Clean and Efficient: DME-Diesel Blend for Automotive Applications

Dimethyl Ether (DME) is a colorless gas with a boiling point of -25°C. It is chemically stable and easily liquefied. DME requires about 75 pounds per square inch (psi) of pressure to be in liquid form. The interest in using DME as a fuel for diesel engines initially arose from a collaboration between Penn State and Air Products and Chemicals. They aimed to develop a campus shuttle bus that could run on DME. This project, supported by the Pennsylvania Department of Environmental Protection and the National Energy Technology Laboratory (agreement # DE-FG29-99FT40161), focused on blending DME with diesel fuel to ensure compatibility with existing diesel engine technology. Due to DME’s low viscosity (approximately 0.2 cSt at 40°C [1,2]), the blend ratio for the shuttle bus project is limited to 25 wt.% DME, a conclusion derived from another NETL-sponsored project.

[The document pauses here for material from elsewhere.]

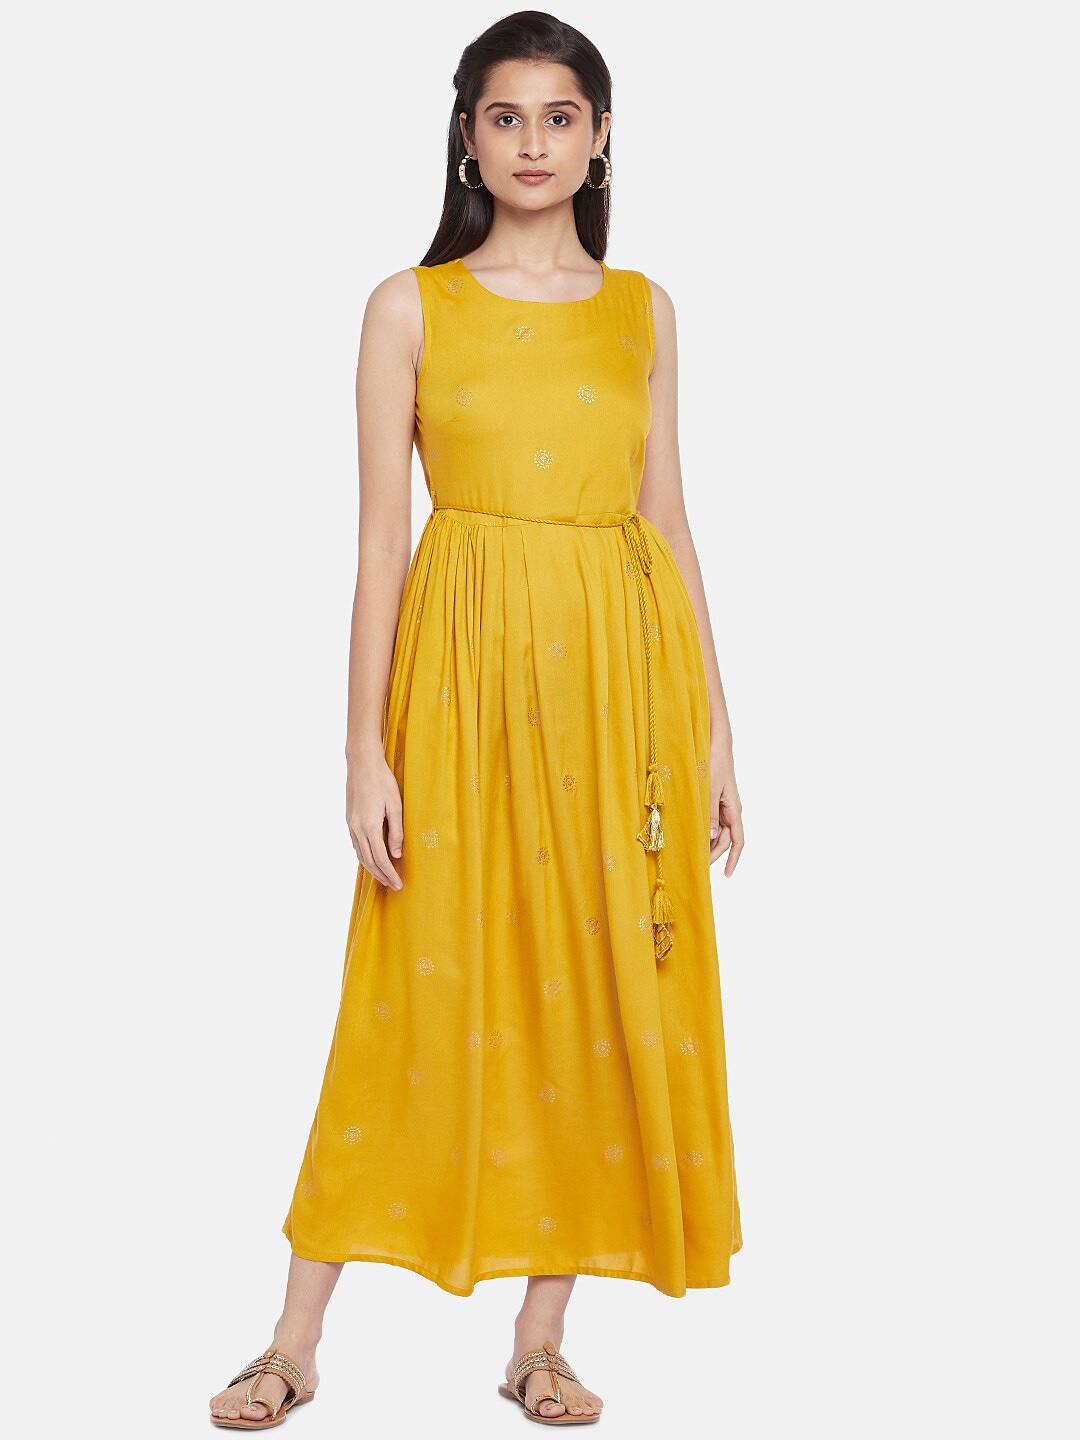 AKKRITI BY PANTALOONS Mustard Yellow Ethnic Motifs Ethnic Midi Dress Price in India

The Government of India has recognized the DME-Diesel blend as an alternative fuel for compression-ignition engines in automotive applications to reduce pollution and emissions, resulting in soot-free exhaust. While DME is miscible in diesel fuel at any mixture fraction when held under pressures of 75 psi or above, the viscosity of the blends is below the ASTM diesel fuel standards. At 25 wt.% DME, the viscosity drops to approximately 1.39 cSt, which is the lower limit of the ASTM specification for diesel fuel viscosity. The DME blend serves as a cleaner substitute fuel for diesel vehicles, providing 25 to 35 percent better mileage and emitting less soot and carbon dioxide compared to similar diesel cars.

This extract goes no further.